Recorded information »
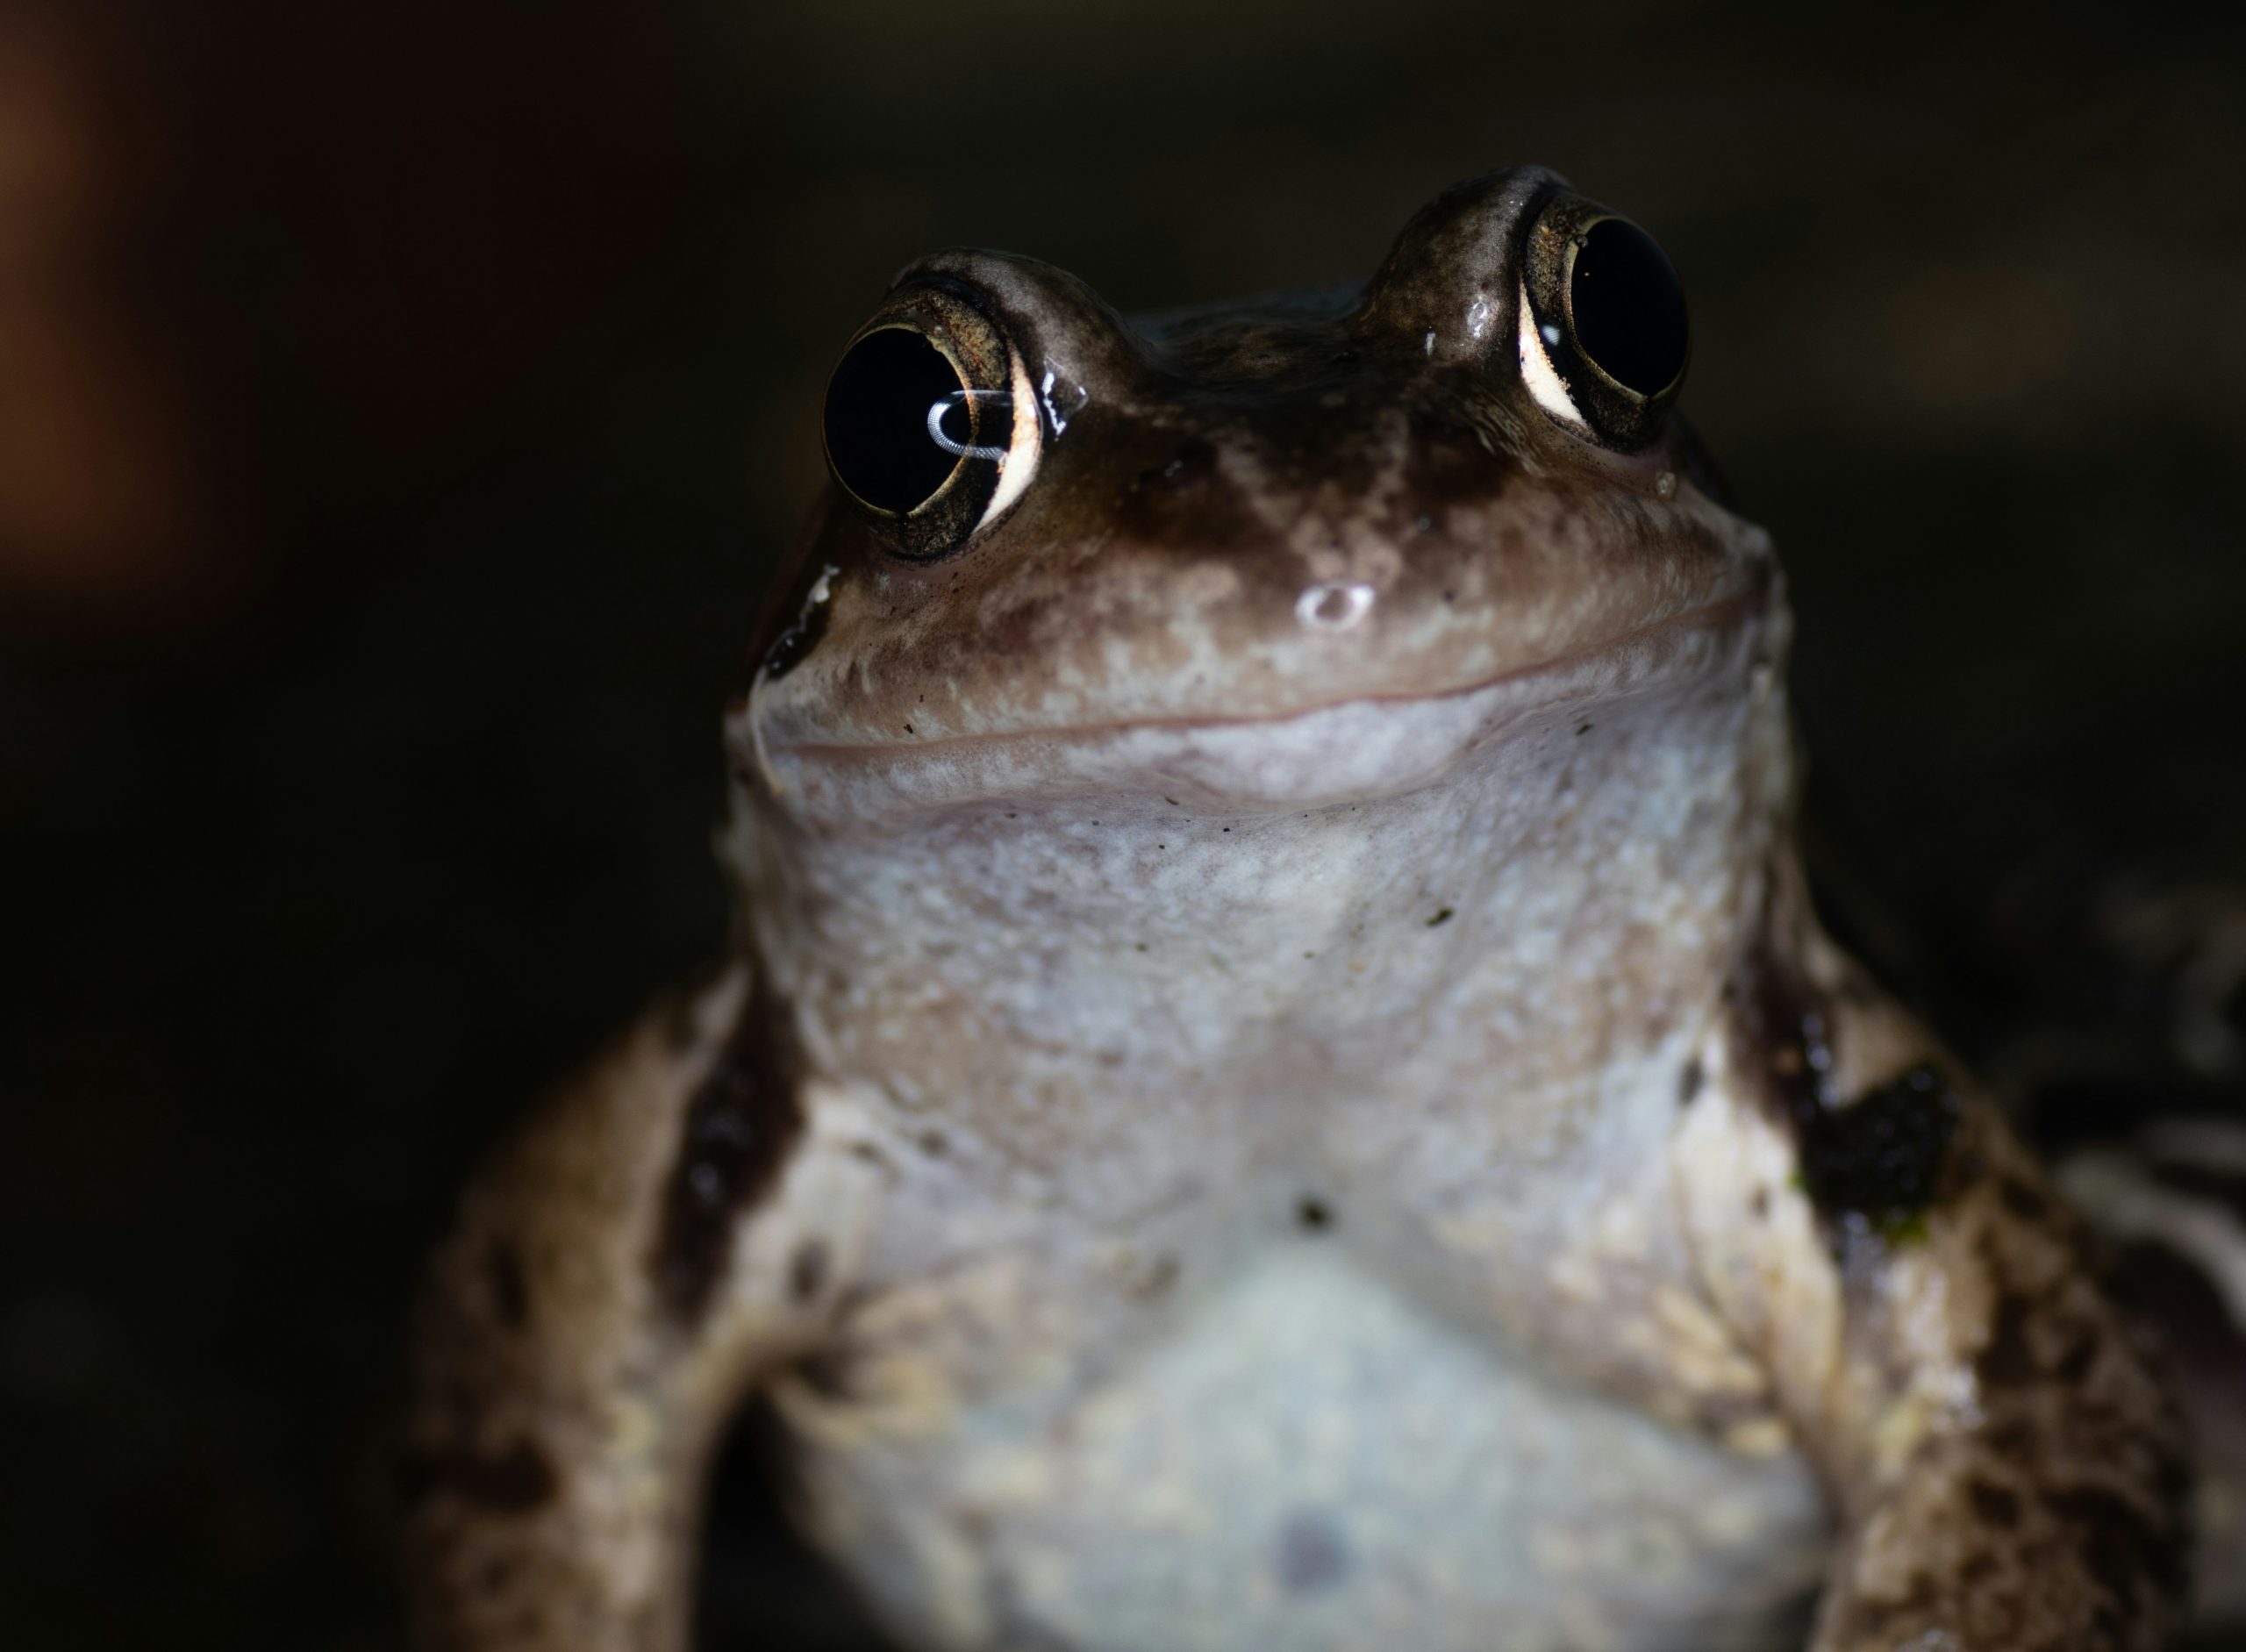 frog at night smiles at camera 
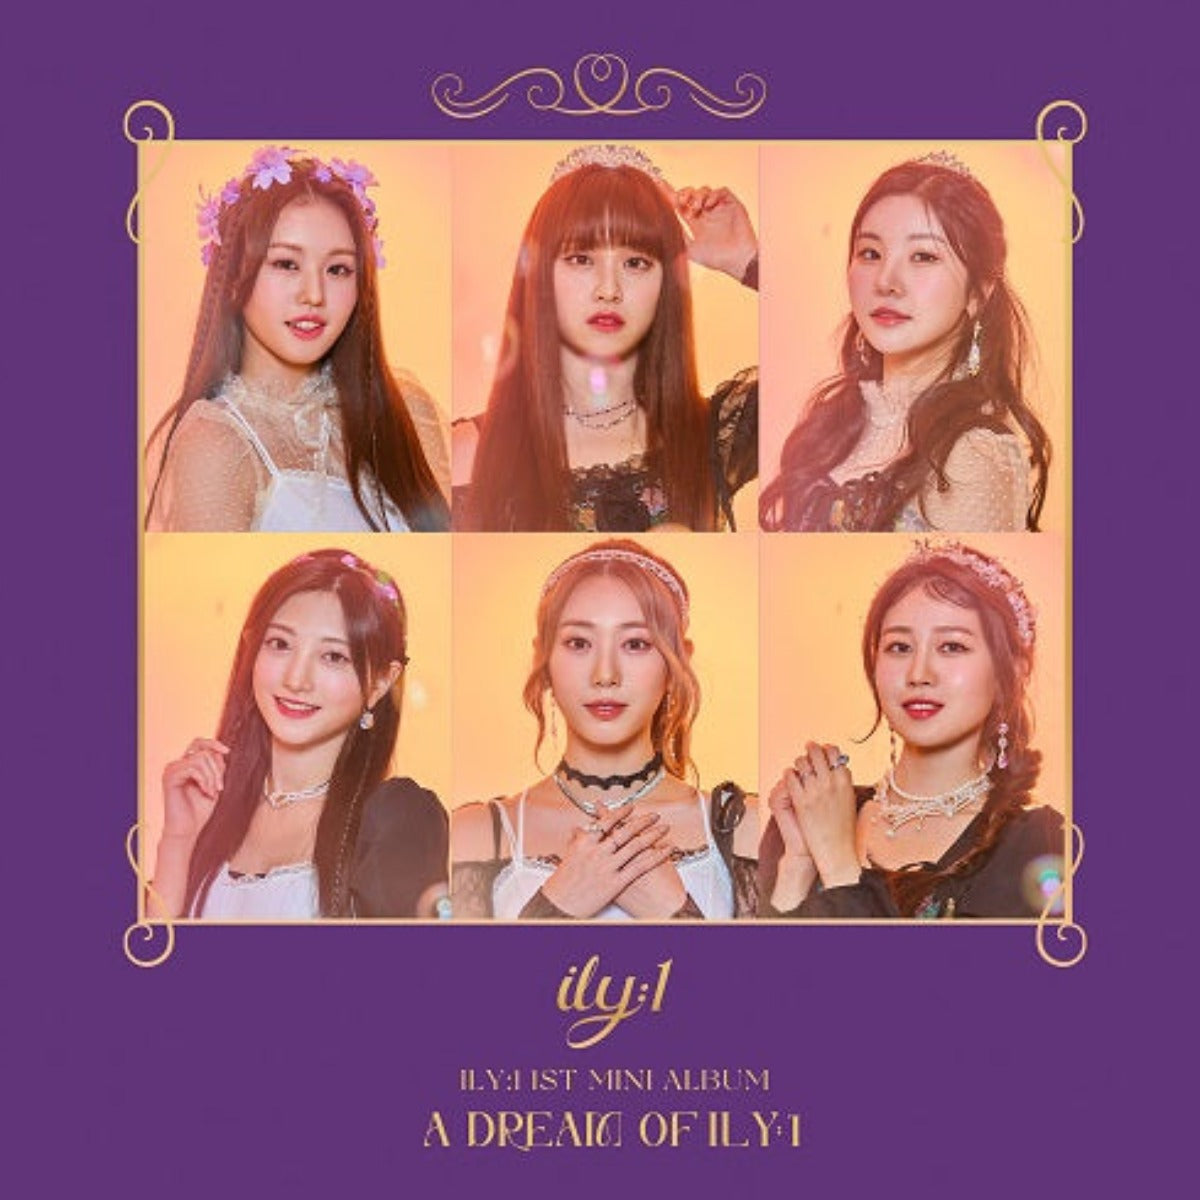 Ily:1 1st Mini Album - A Dream of ILY:1
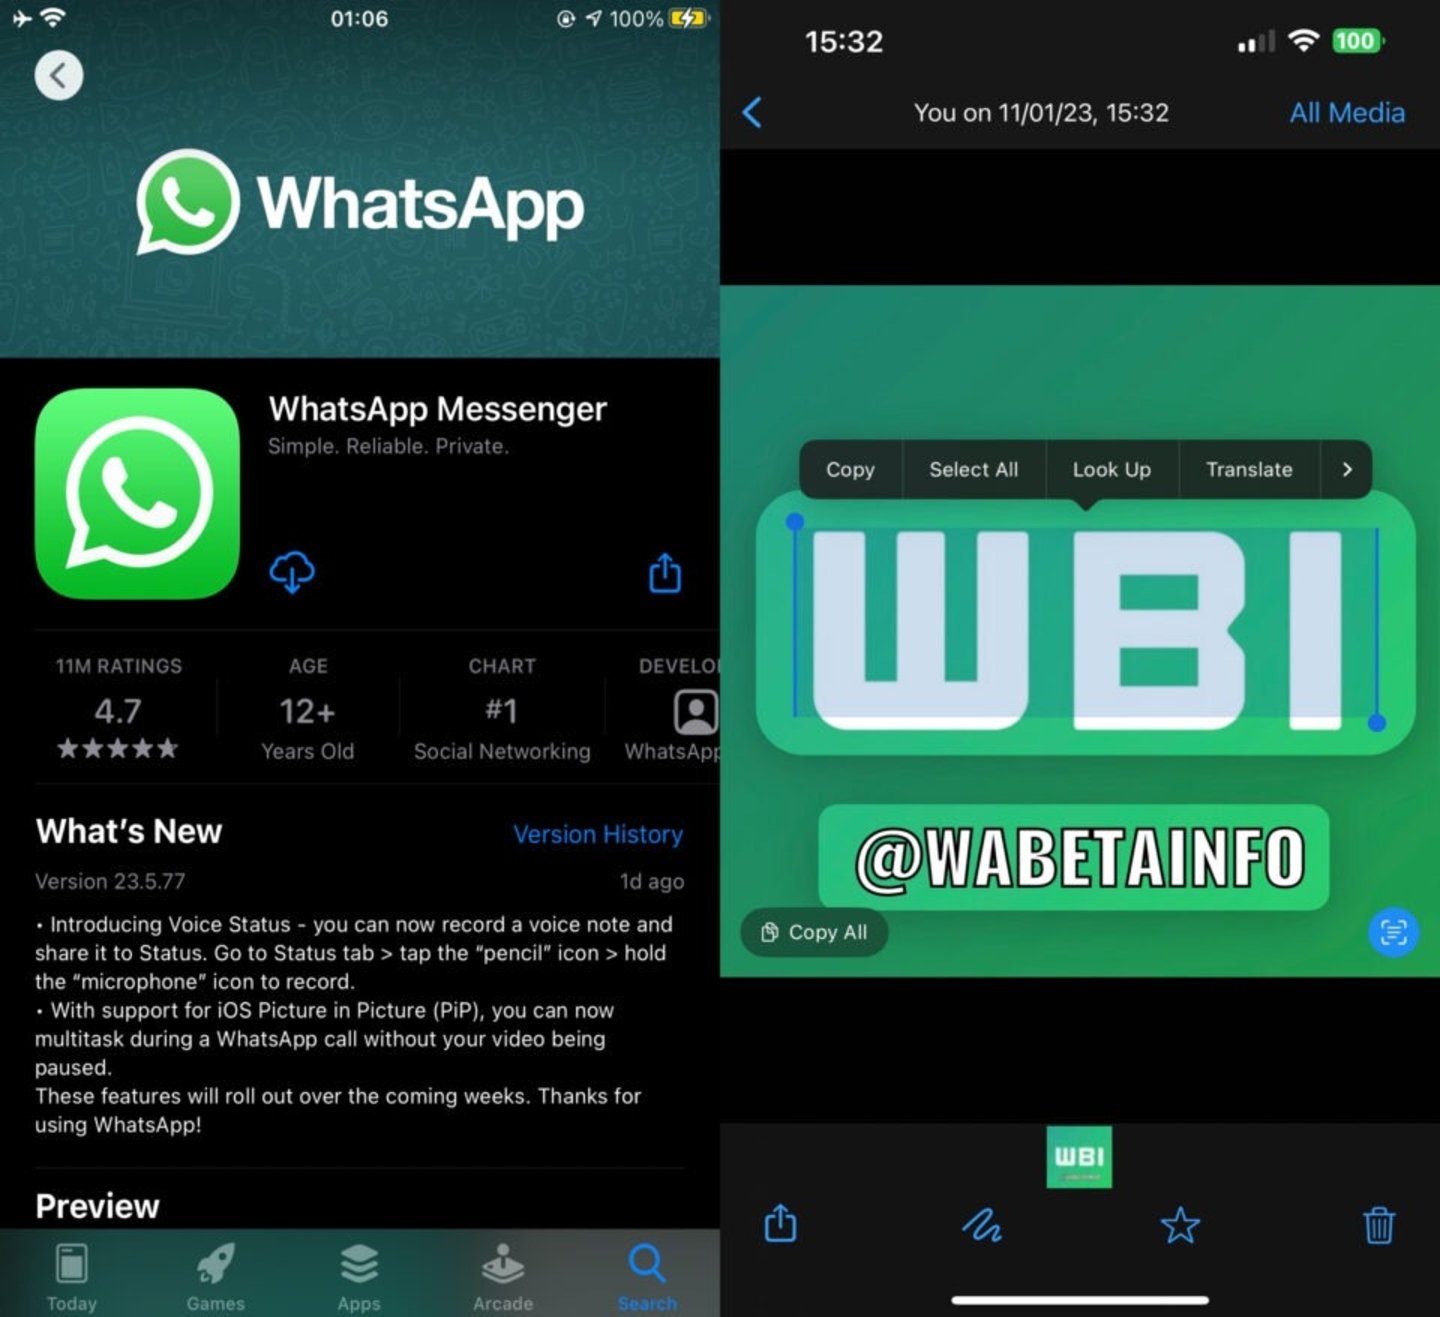 Captura de pantalla que muestra la función de selección de texto en imágenes en la aplicación WhatsApp

Task directions » Return all the material exactly, pictures excluded.

Exercise response »
 frog at night smiles at camera 
 Ily:1 1st Mini Album - A Dream of ILY:1
 Captura de pantalla que muestra la función de selección de texto en imágenes en la aplicación WhatsApp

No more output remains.